核武装した国々の当局者と、いわゆる「核の傘」の下にいる共犯者たちに言います。私たちの証言を聞きなさい。私たちの警告を心に刻みなさい。そして、自らの行為の重みを知りなさい。あなたたちはそれぞれ、人類を危険にさらす暴力の体系を構成する不可欠な要素となっているのです。私たちは悪の陳腐さを警戒しましょう。
世界のあらゆる国の、全ての大統領と首相に懇願します。この条約に参加してください。核による滅亡の脅威を永久になくしてください。
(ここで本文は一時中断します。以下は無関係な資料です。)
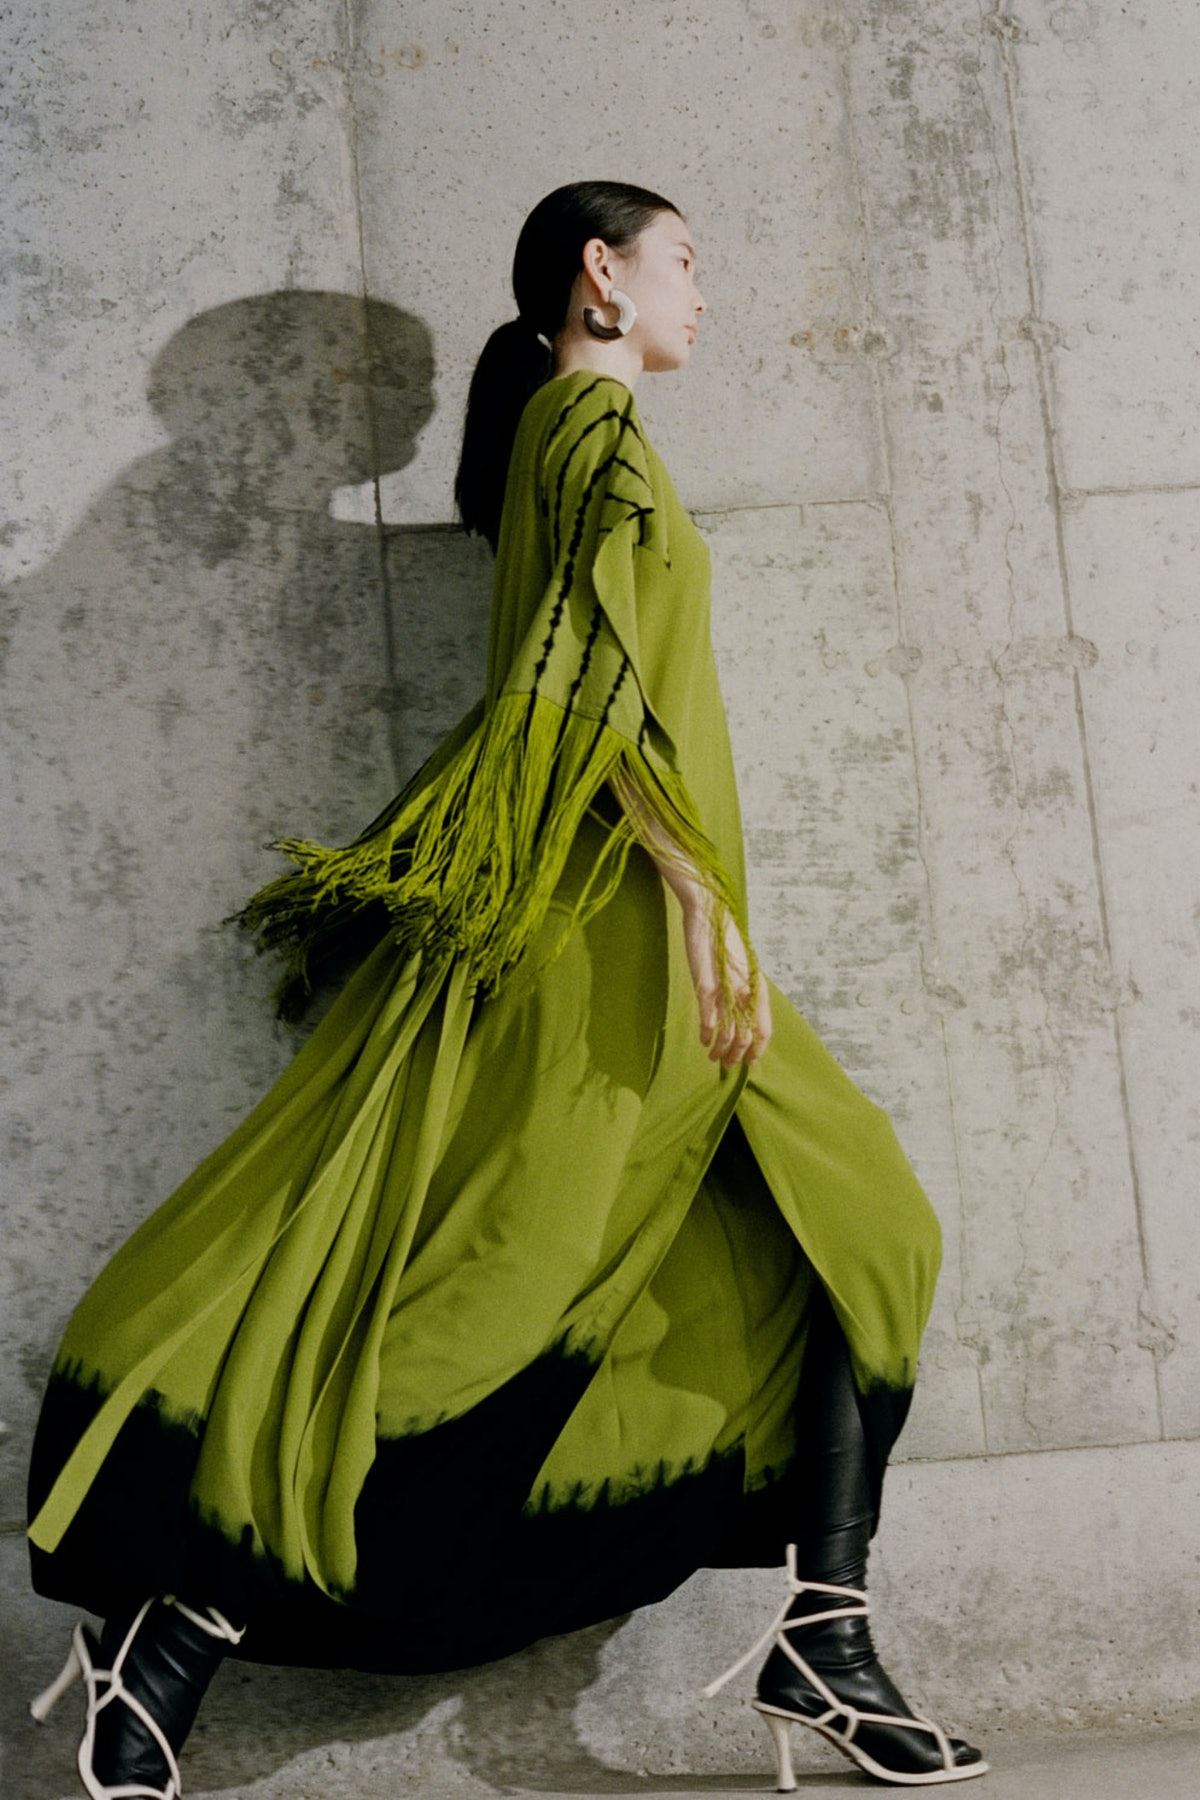 Model wears Proenza Schouler Fall/Winter 2021 collection.

私は13歳の時、くすぶるがれきの中に閉じ込められても、頑張り続けました。光に向かって進み続けました。そして生き残りました。いま私たちにとって、核禁止条約が光です。この会場にいる皆さんに、世界中で聞いている皆さんに、広島の倒壊した建物の中で耳にした呼び掛けの言葉を繰り返します。「諦めるな。頑張れ。光が見えるか。それに向かってはっていくんだ」
今夜、燃え立つたいまつを持ってオスロの通りを行進し、核の恐怖という暗い夜から抜け出しましょう。どんな障害に直面しようとも、私たちは進み続け、頑張り、他の人たちとこの光を分かち合い続けます。この光は、かけがえのない世界を存続させるために私たちが傾ける情熱であり、誓いなのです。(オスロ共同) 」
広島県知事が引用したサーロー節子さんの言葉は「諦めるな、押し続けろ、進み続けろ、光が見えるだろう、そこに向かって這っていけ」ということでしたが、スピーチの日本語版では「諦めるな、頑張れ、助けてやる、その隙間から光が差すのが見えるか、あそこまでできるだけ早く這って行くんだ」となっている。
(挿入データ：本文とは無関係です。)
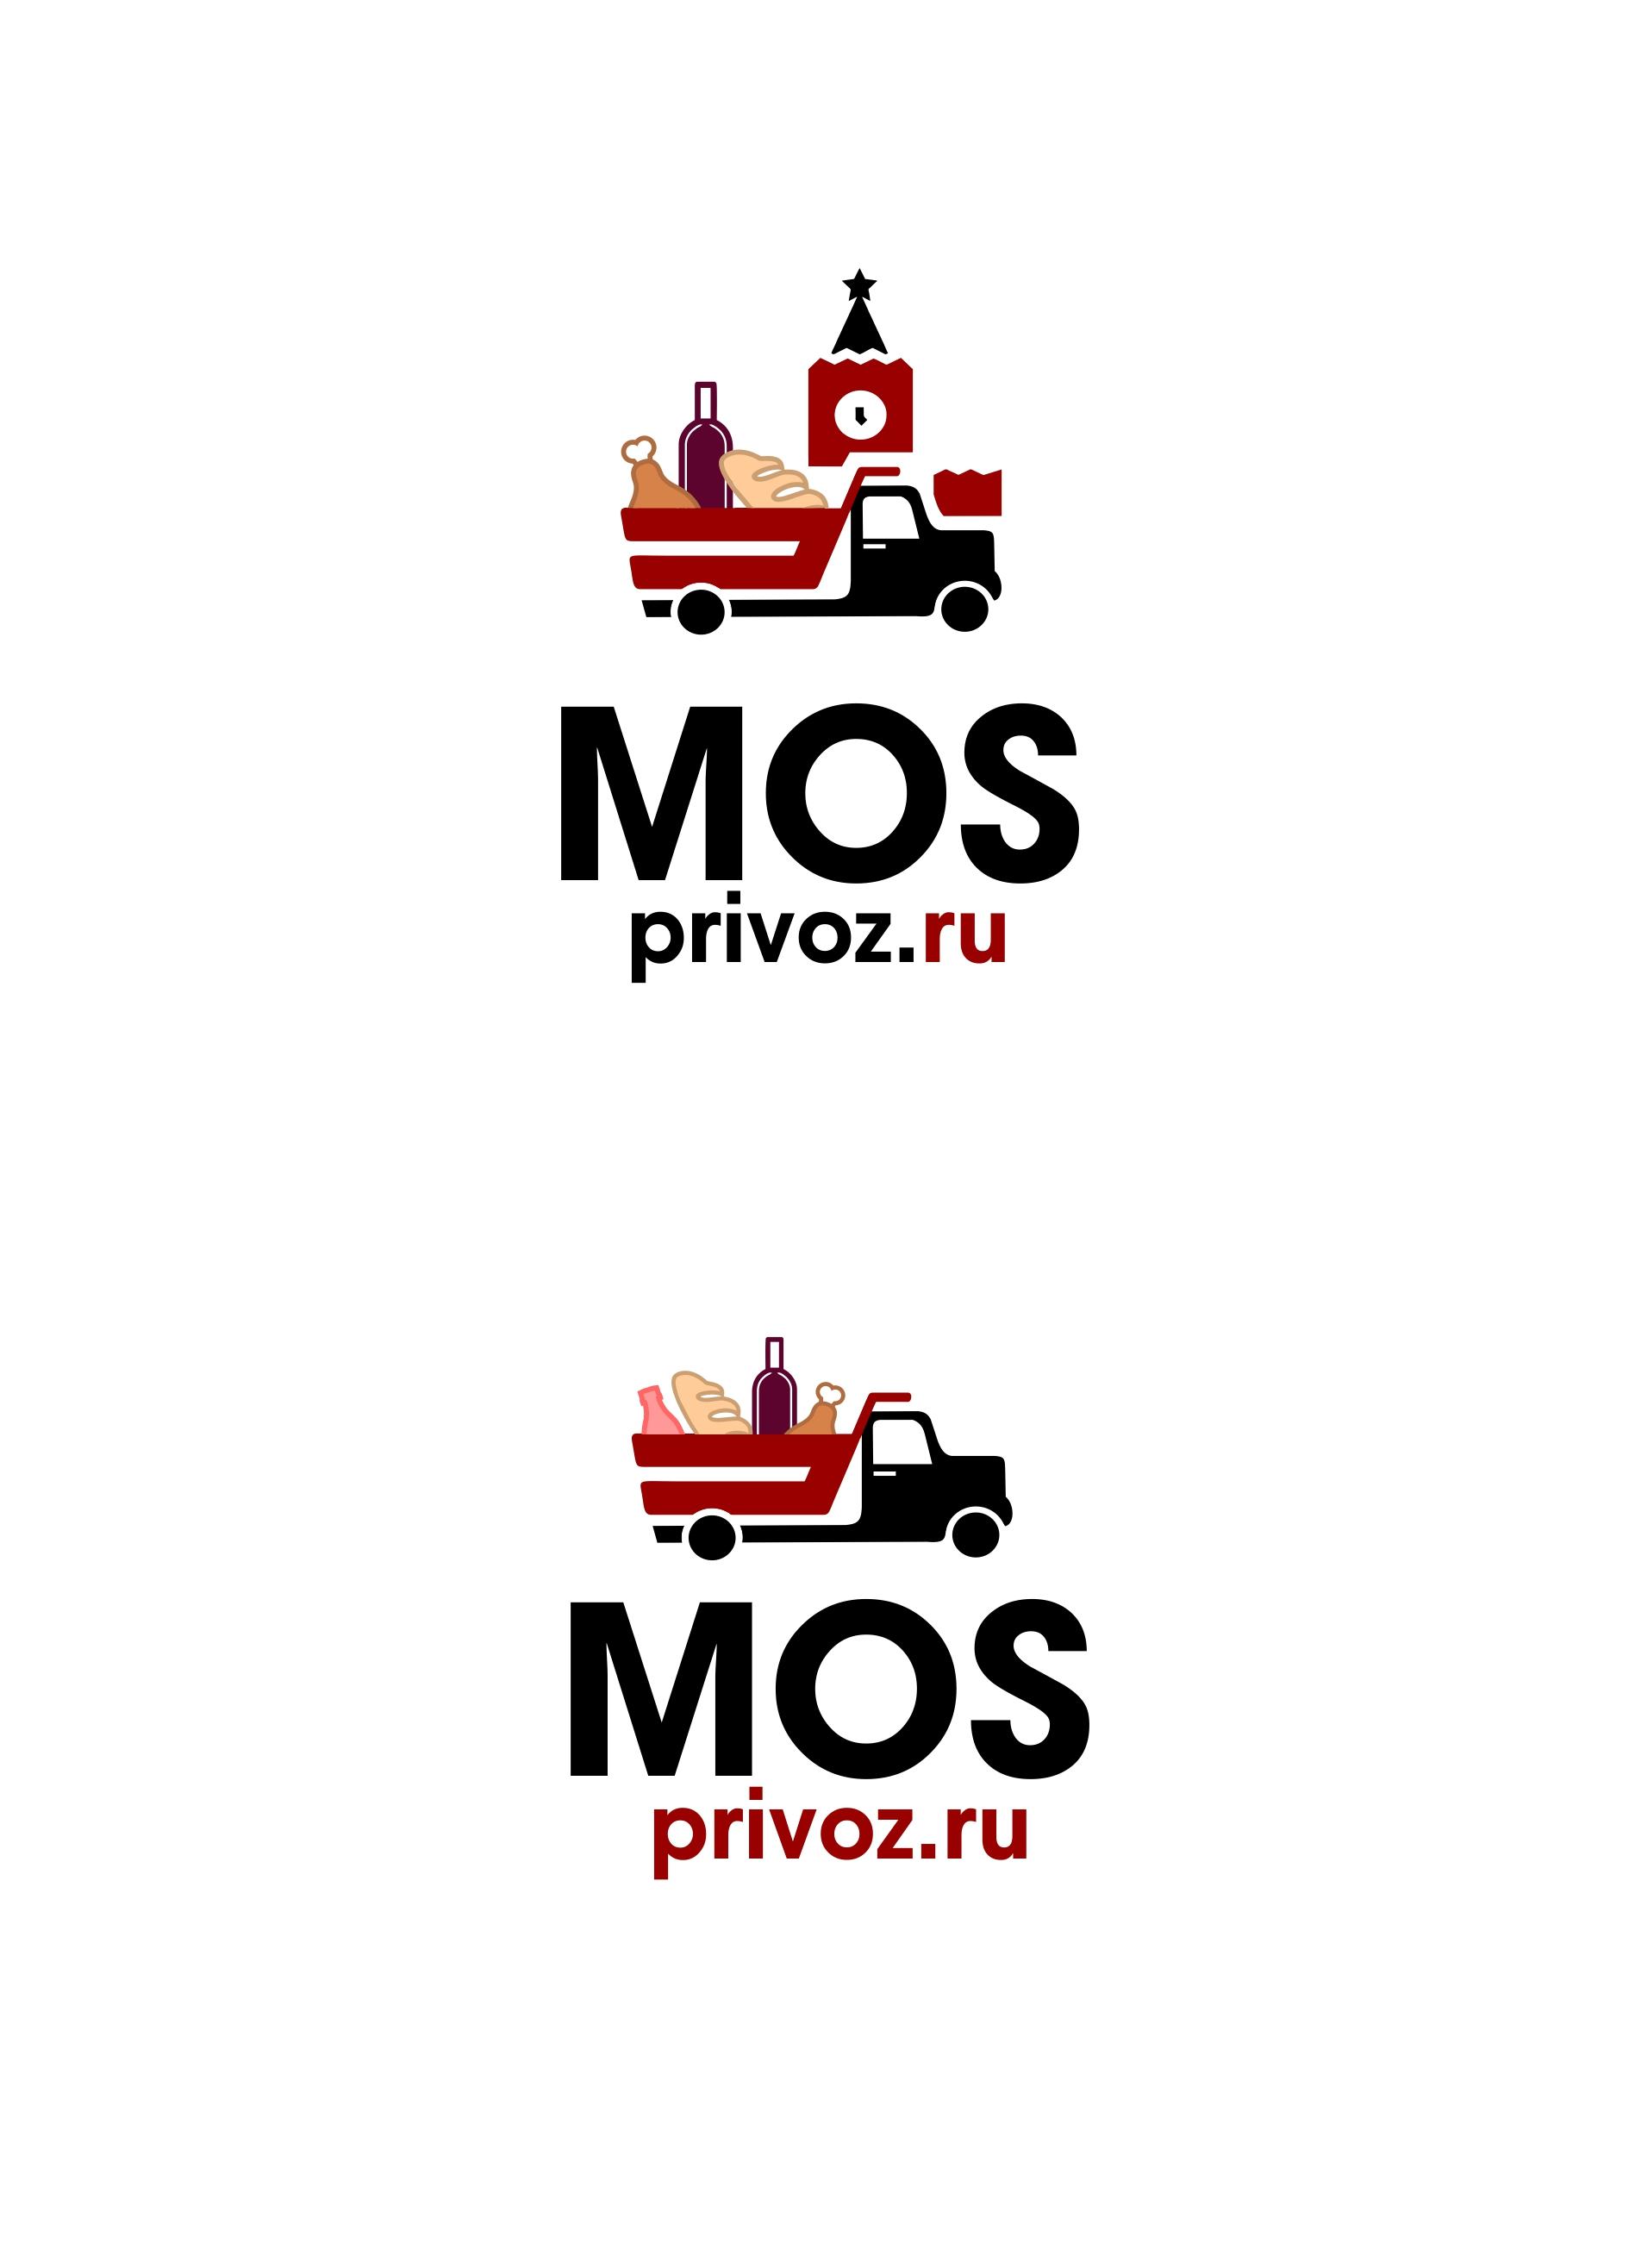 Логотип. Интернет - магазин по доставке продуктов питания. фото f_1495ad878cd5ddfa.jpg

なので受賞の際、実際に行った英語でのスピーチを調べて見た。
Then, suddenly, I felt hands touching my left shoulder, and heard a man saying:
"Don't give up! Keep pushing! I am trying to free you. See the light coming through that opening? Crawl towards it as quickly as you can."
As I crawled out, the ruins were on fire. Most of my classmates in that building were burned to death alive. I saw all around me utter, unimaginable devastation.
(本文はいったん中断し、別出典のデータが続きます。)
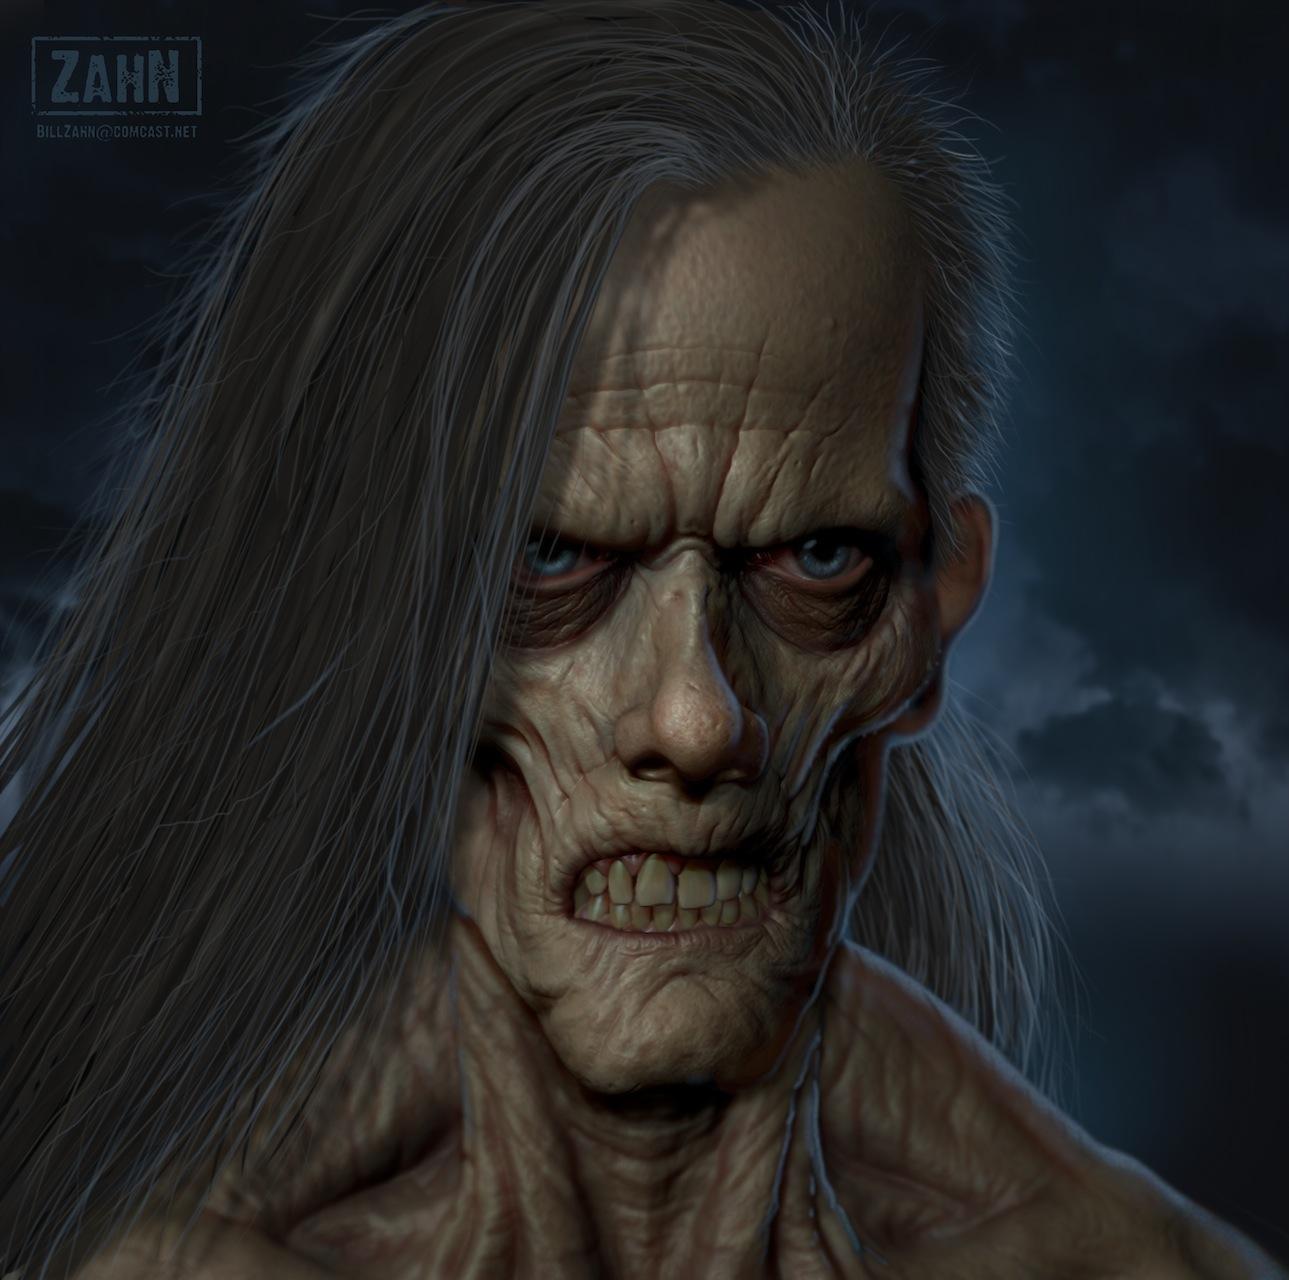 The Creature, by Bill Zahn

この言葉は、「どんな闇の中にいても、先に一筋の光が見えたならば、頑張って這ってても進め」という諦めを許さないことばなのでしょう。
彼女の言いたかったこと、そして広島県知事の言いたかったことは、どんなに周りの情勢が「核抑止力」に頼る方向に向かっていても、私達は、「核廃絶」という光に向かって頑張って進むということなのだと思った。